====== EXTRACTED INFORMATION

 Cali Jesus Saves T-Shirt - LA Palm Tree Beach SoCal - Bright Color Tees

============
====== EXTRACTED INFORMATION

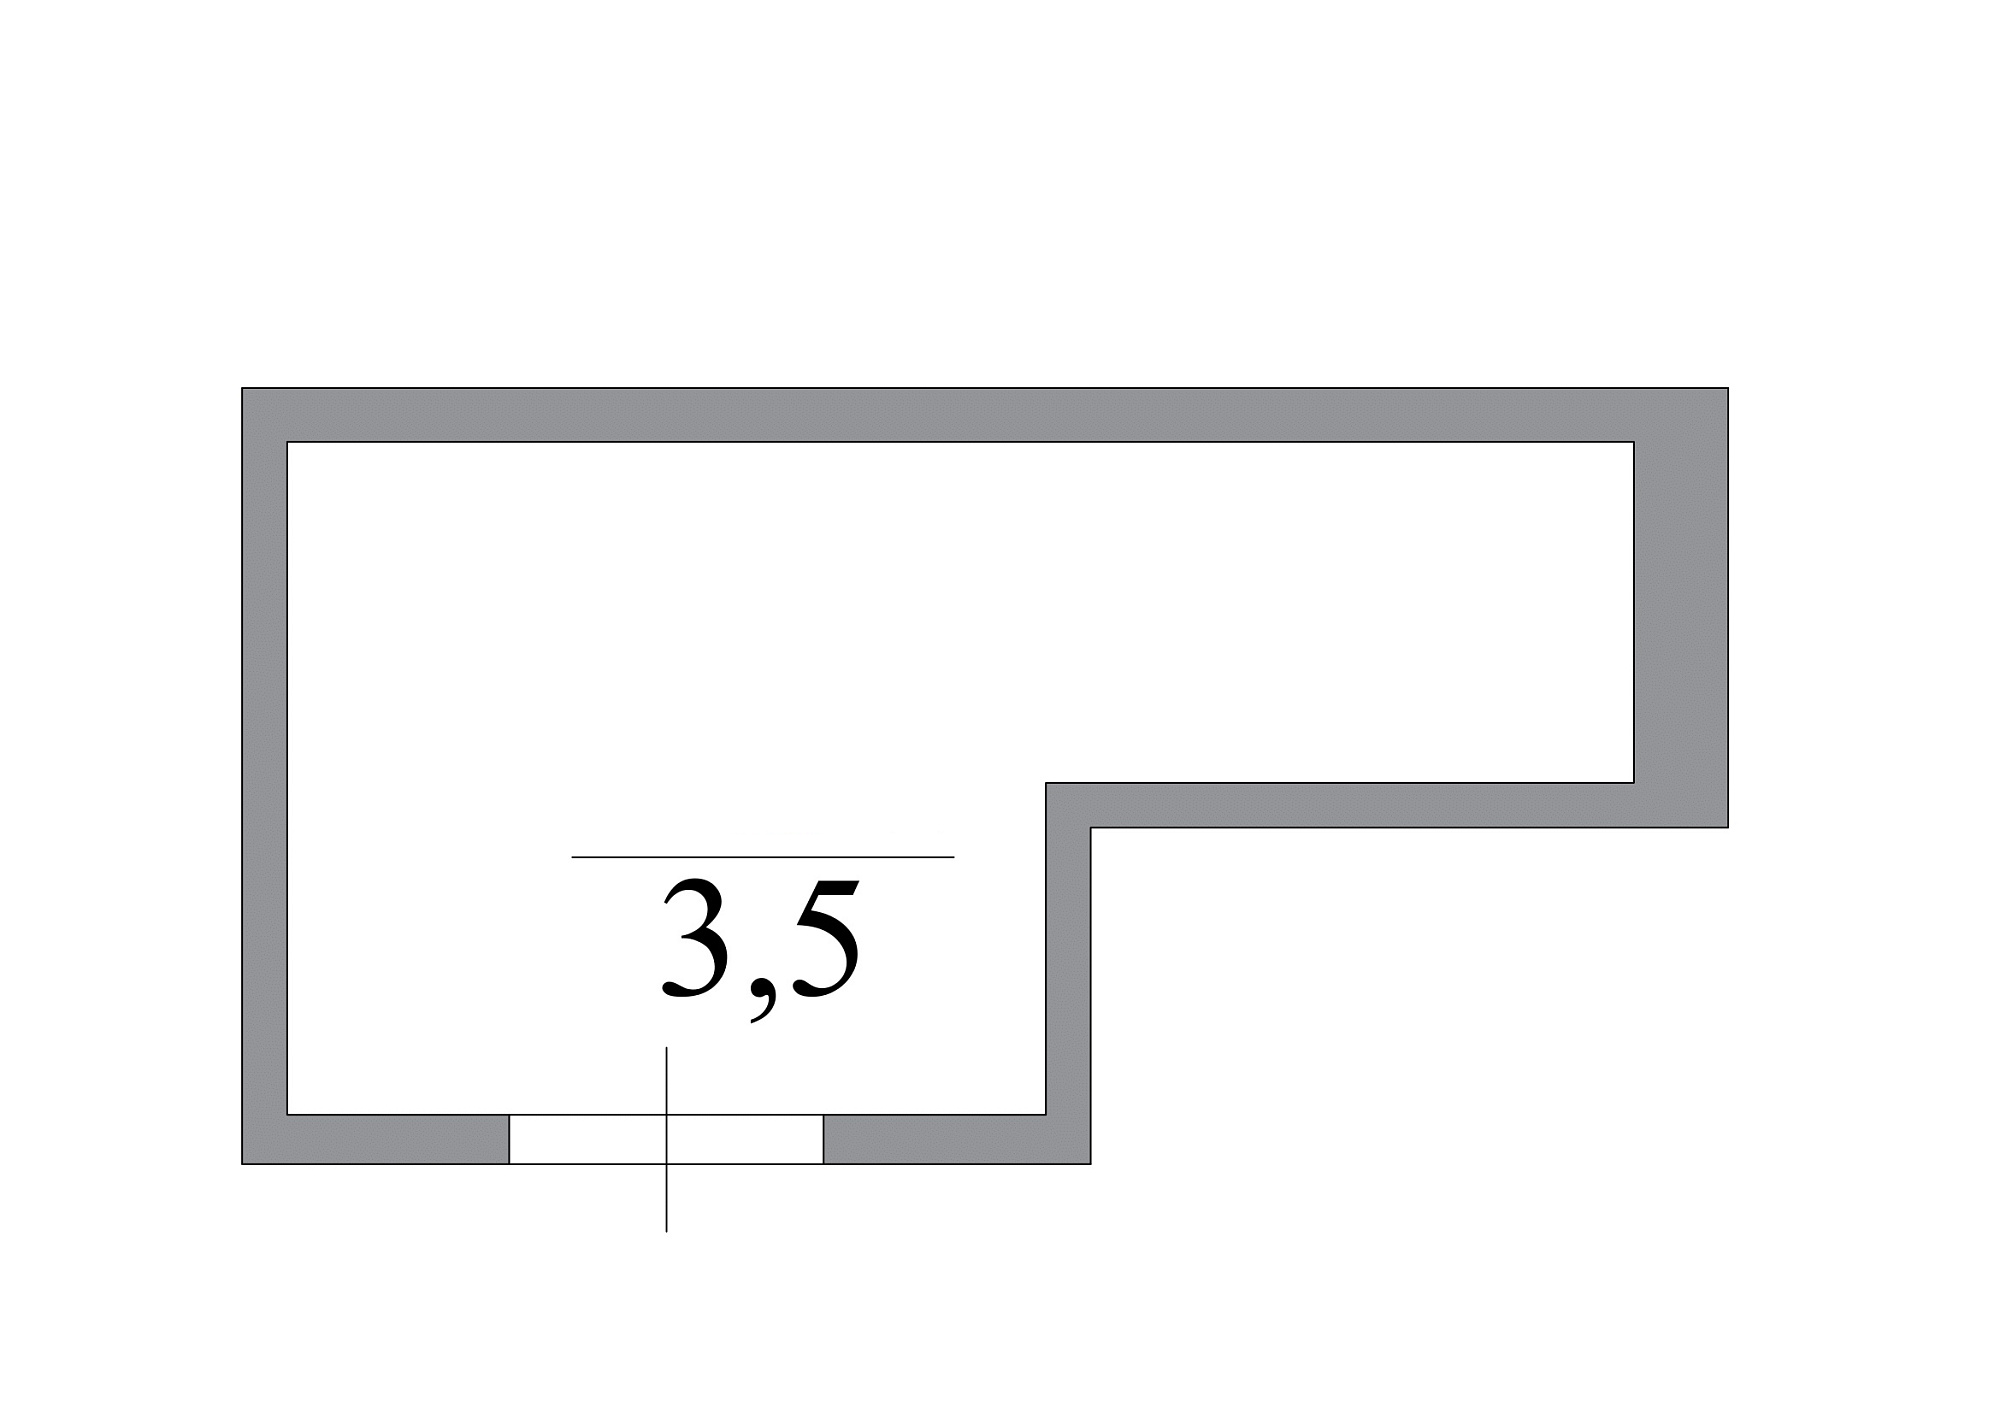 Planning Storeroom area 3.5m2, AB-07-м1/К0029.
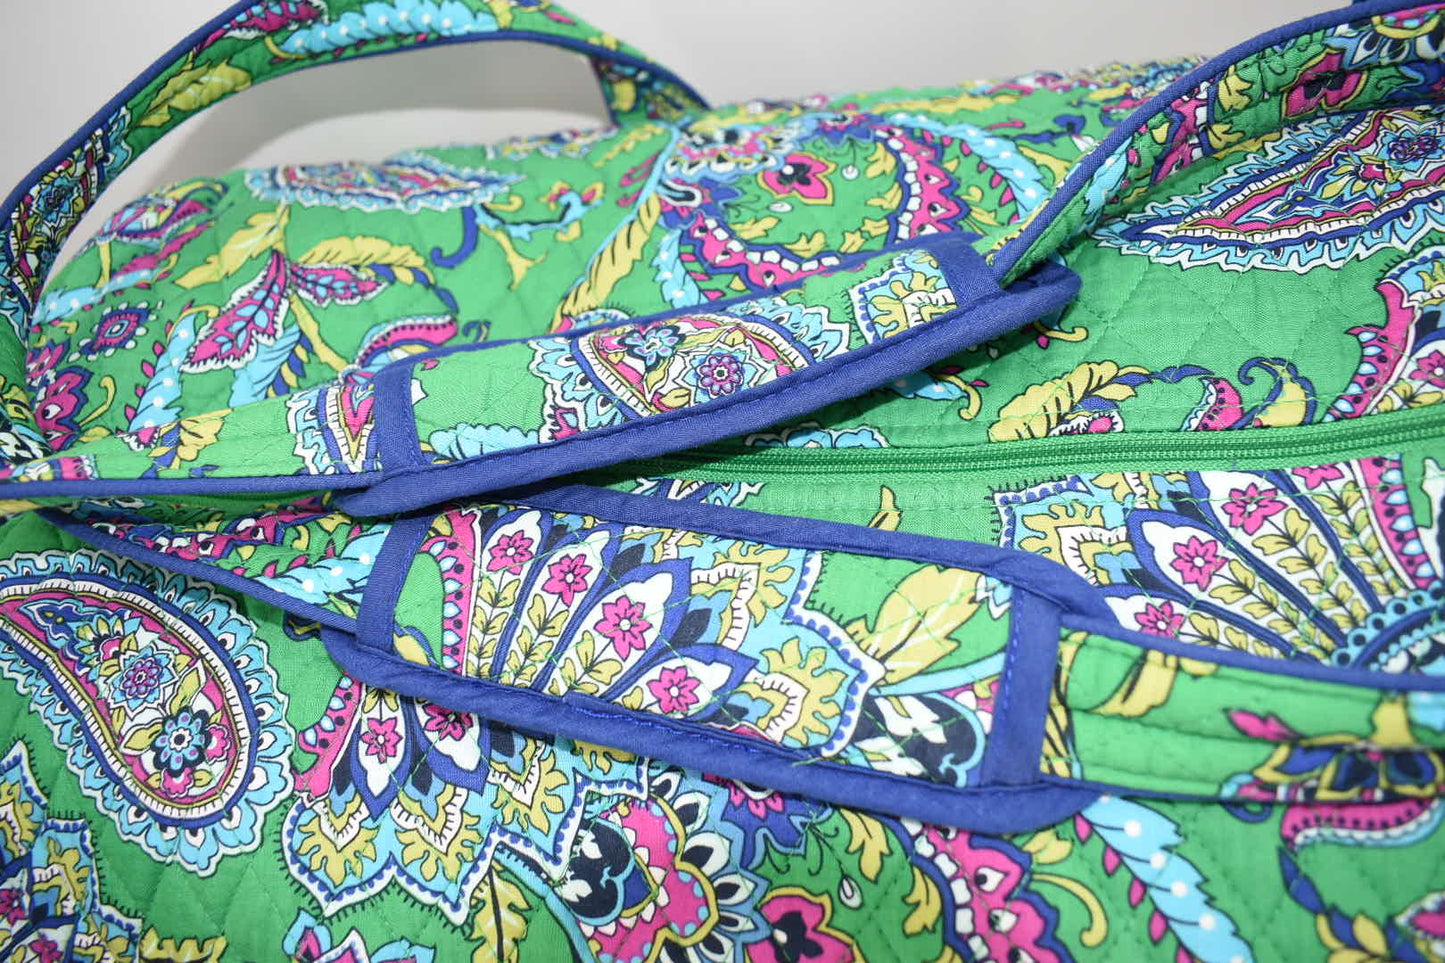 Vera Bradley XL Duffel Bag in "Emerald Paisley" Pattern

============
====== EXTRACTED INFORMATION

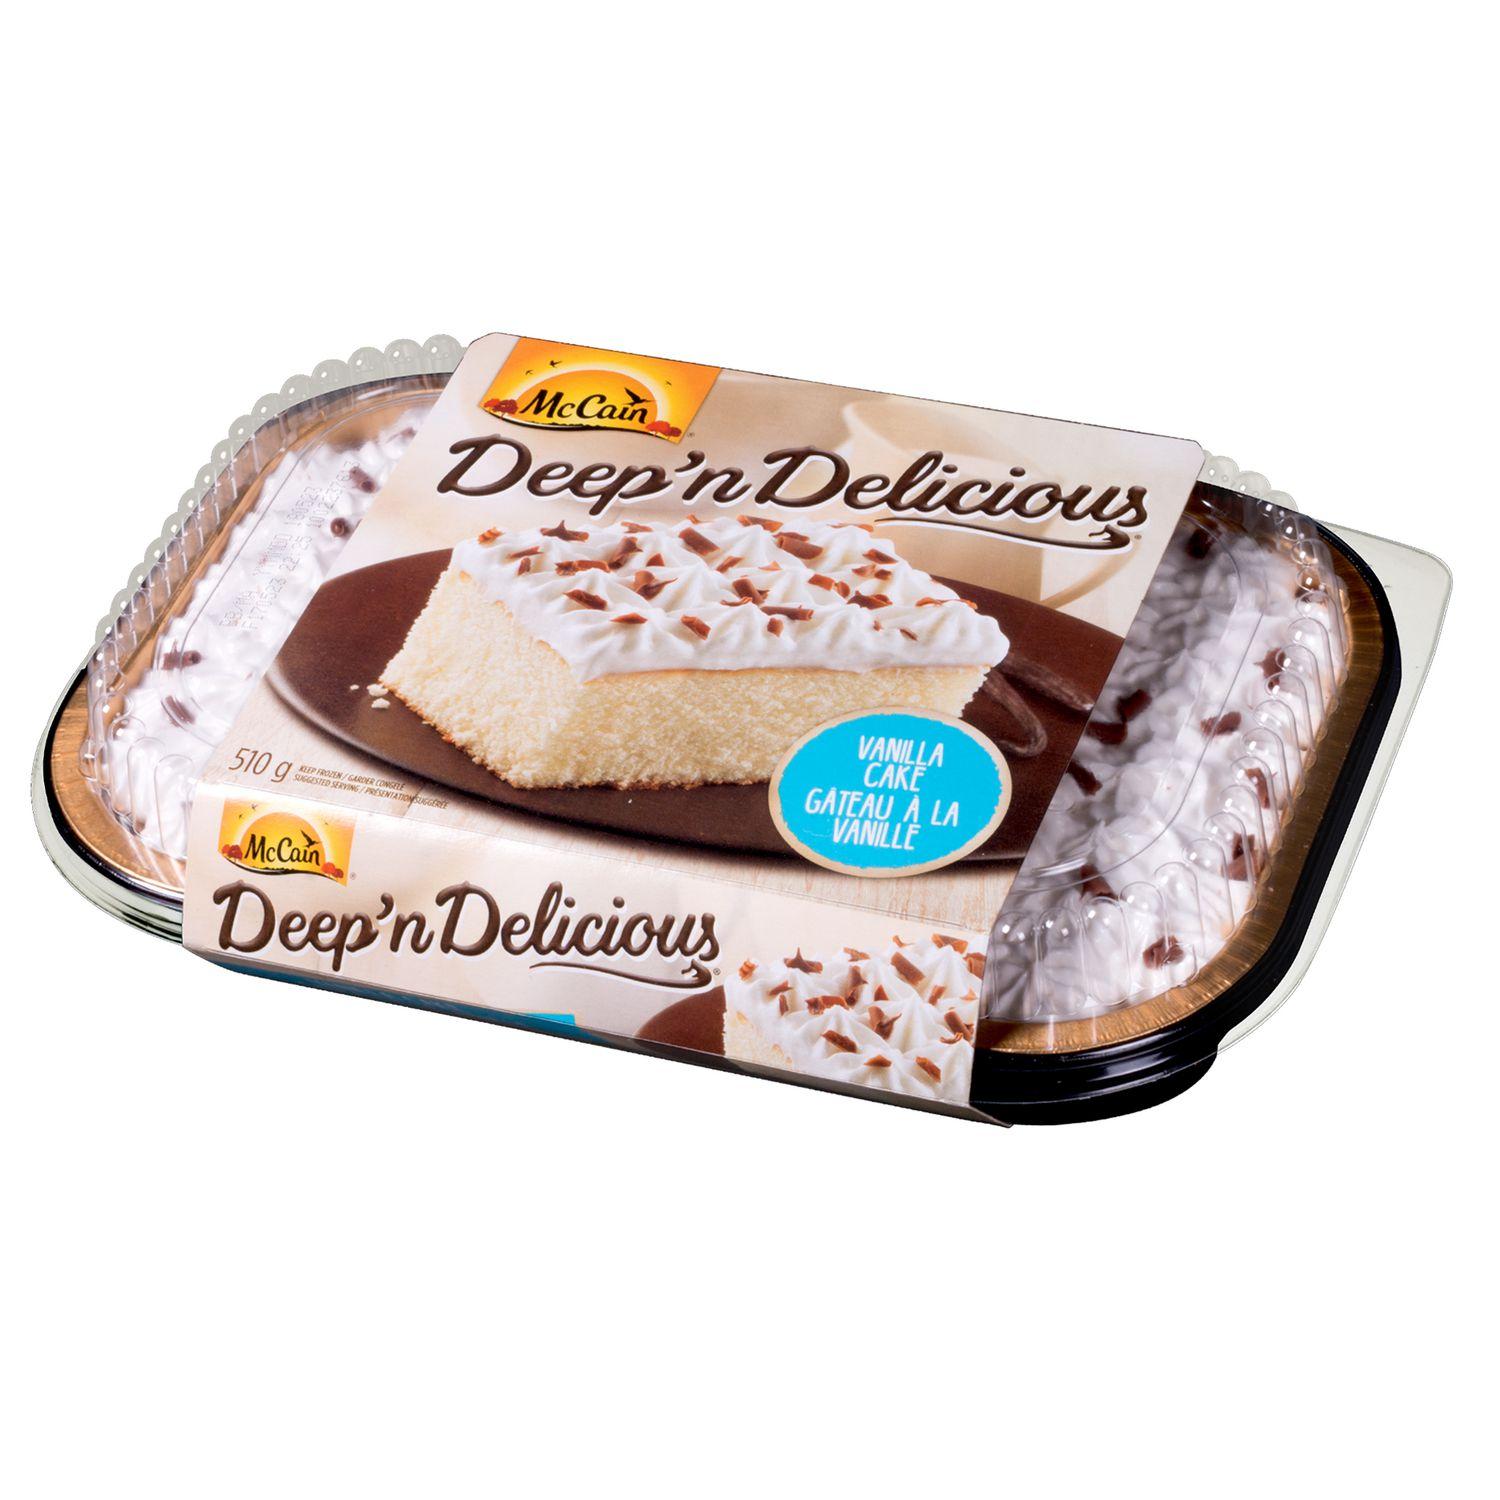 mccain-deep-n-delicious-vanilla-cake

============

WHAT YOU HAVE TO DO:
Copy out exactly the lines above beginning with the line that contains "Planning Storeroom area" and finishing with the line that contains "Vera Bradley XL", including both; leave the pictures out.

REPLY TO THE TASK:
 Planning Storeroom area 3.5m2, AB-07-м1/К0029.
 Vera Bradley XL Duffel Bag in "Emerald Paisley" Pattern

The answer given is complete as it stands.